A: I had a game with one of my Mellon students: How many speeches can you find that Scalia made off the court? At the end of two months I came in with a very substantial pile of material. I was proud that in middle age I had mastered the technology. And my student—Lori Weaver [’06]; she went on to law school at Penn—came in and she had well over two and a half to three times the material I had found. She had speeches I did not know Scalia had given, transcripts of speeches I could not find. I said, “How did you do this?” She said, “I just kept up the search. In the end I just hit more Google searches than you hit.”

That was fairly early in my research, and that was very good advice. So I set up a series of Google alerts. One of the side benefits of technology is that nothing disappears, which means that pretty much nothing that Scalia did off the court was hidden. I ended up getting an email notice from a right-to-life newsletter with a link to a speech he had given in [Fribourg, Switzerland]. It wasn’t there long; it was gone within a couple of weeks. It helped me establish a pattern about Scalia’s behavior off the court. He would do something outrageous on the court, he would lose a vote, he would be angry, he would erupt like a volcano off the court, and his colleagues would react to his reaction. There were two parallel tracks to his life and you could understand him better by knowing how the tracks worked.

I didn’t realize it at first but I had actually enrolled in a tutorial in which the student was going to teach me about technology.

Q: What will be Scalia’s most valuable legacy on the court? He certainly removed justices from their robes, exposed them as human beings with biases and faults, reminded everyone that the court flexes along with the Constitution.

A: I think people will pick up Originalism as a tool. It will not dictate decisions; it’s going to be a way that judges can frame opinions and decide cases. We might see down the road a privacy amendment, something that will safeguard Americans against various forms of technological intervention. If we do, you will almost certainly hear the words of Antonin Scalia. He is very good about arguing that the framers intended for the government, and for devices of all kinds—including electronic ones—staying out of our personal lives.

There’s a law professor named Jonathan Turley at George Washington who says that Scalia is the first celebrity justice. I don’t think he is; I think William O. Douglas was. But Scalia is certainly the first celebrity justice in the 24/7/cable news/internet period. When Scalia acts out, when he creates controversy, he makes it acceptable for political figures or members of the press to treat him just like any other politician.

The major change that Scalia has wrought, and maybe not necessarily for the better, is that he has made the court vulnerable. He’s made people understand that this is just another political body, and with that comes the realization that it can be attacked with political means. He has also changed the way that Supreme Court justices do their job. Because of him, Ruth Bader Ginsburg has been giving speeches everywhere. Sonia Sotomayor is present at the dropping of the New Year’s ball in Times Square with her family. And Clarence Thomas becomes the grand marshal for the Daytona 500 race.

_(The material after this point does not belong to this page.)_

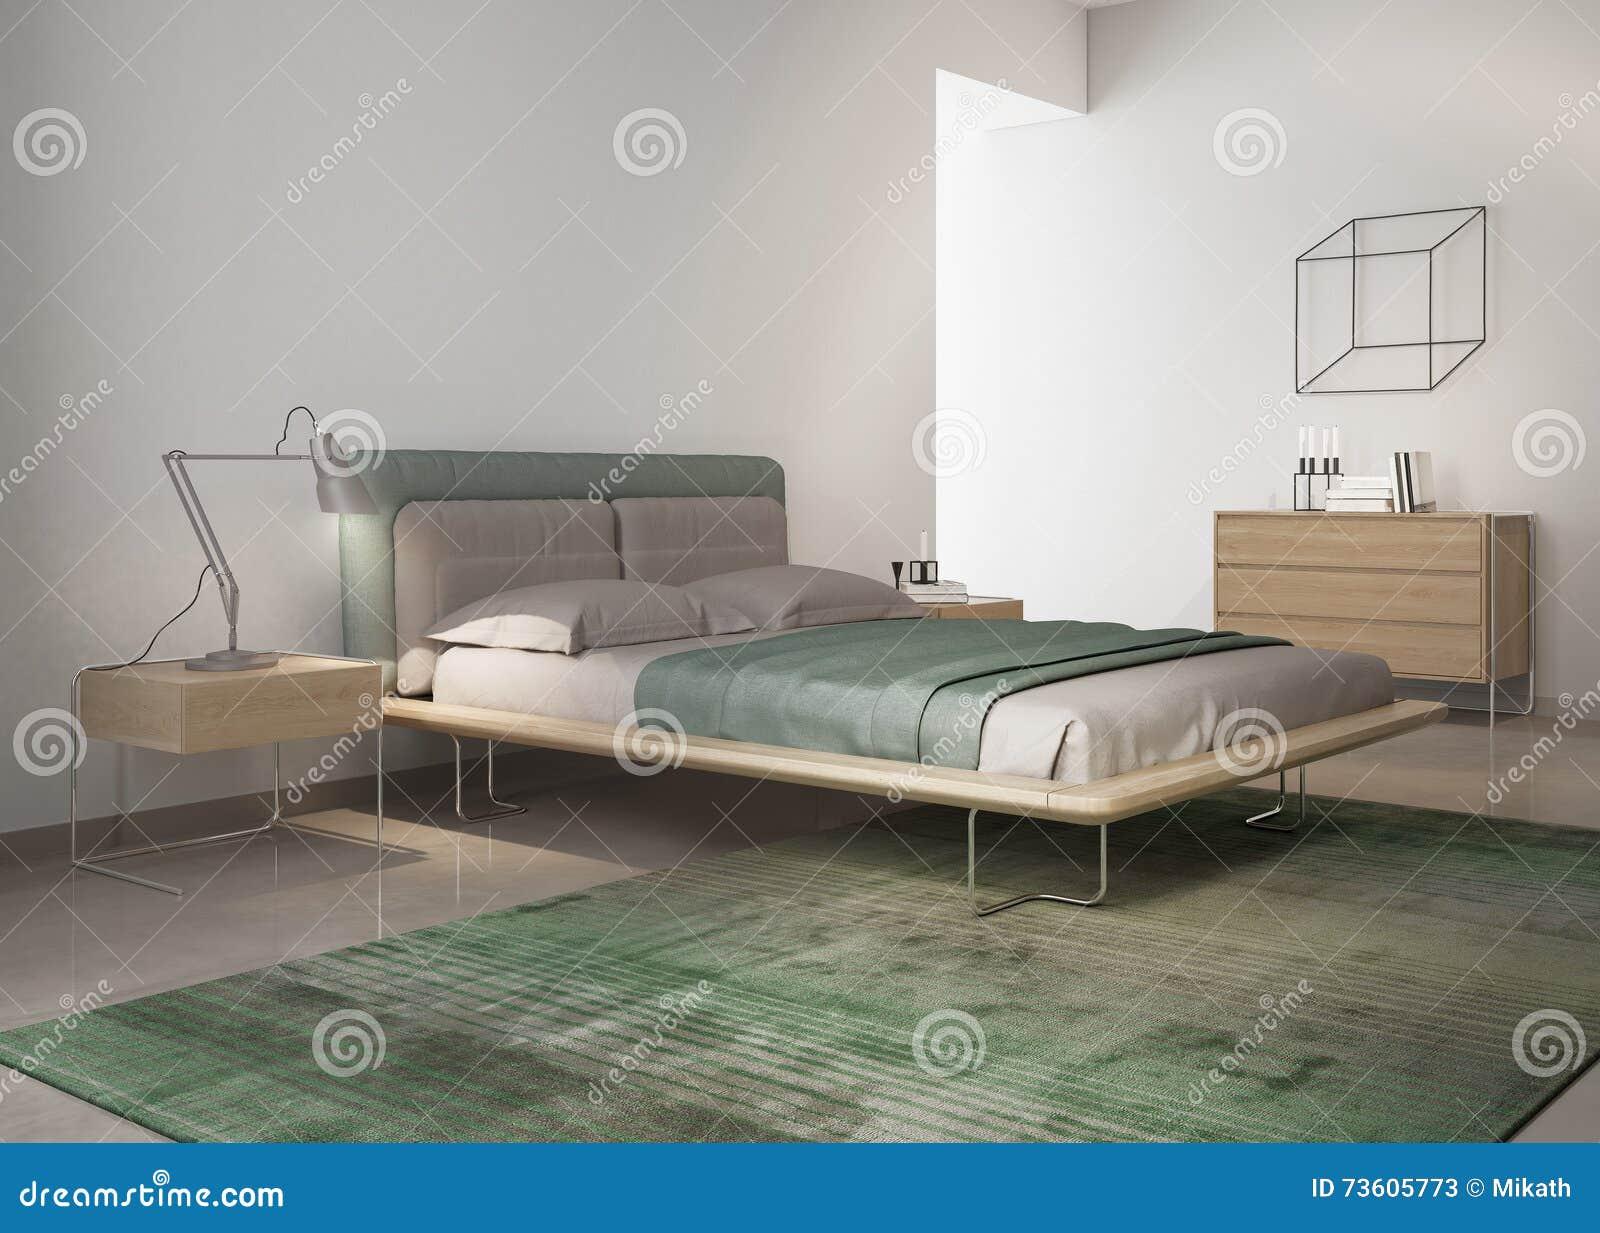 Zeitgenössisches Grünes Schlafzimmer Stockbild - Bild von kunst ...

Q: A Court of One has been reviewed all over the map, from The New York Times to The New Republic. Can you point to a memorable, indelible reaction?

A: When I got back to school after the summer there were messages that had been there for weeks and weeks. One was from a friend of Scalia’s I didn’t even know existed. He left two emails and the first one said, “I know Scalia well. I traveled with him around the world. I just wanted you to know that you got him exactly right. That’s the guy I know.” And then he left another email to give him a call. When I called him he said the book brought back a lot of memories. He’s a retired Washington bureaucrat who knew Scalia when he was back in the Nixon administration.

I asked him, “Well, have you gotten any reaction from Scalia?” Because that’s really what people ask me. I’ve heard nothing: Scalia was unusually quiet this summer; he’s given very few speeches, if any. And this fellow said he had asked Scalia, “Well, what do you think of this book?” And Scalia told him, “I don’t want to talk about that.” And so I thought, “Well, okay, at least he’s aware of it.”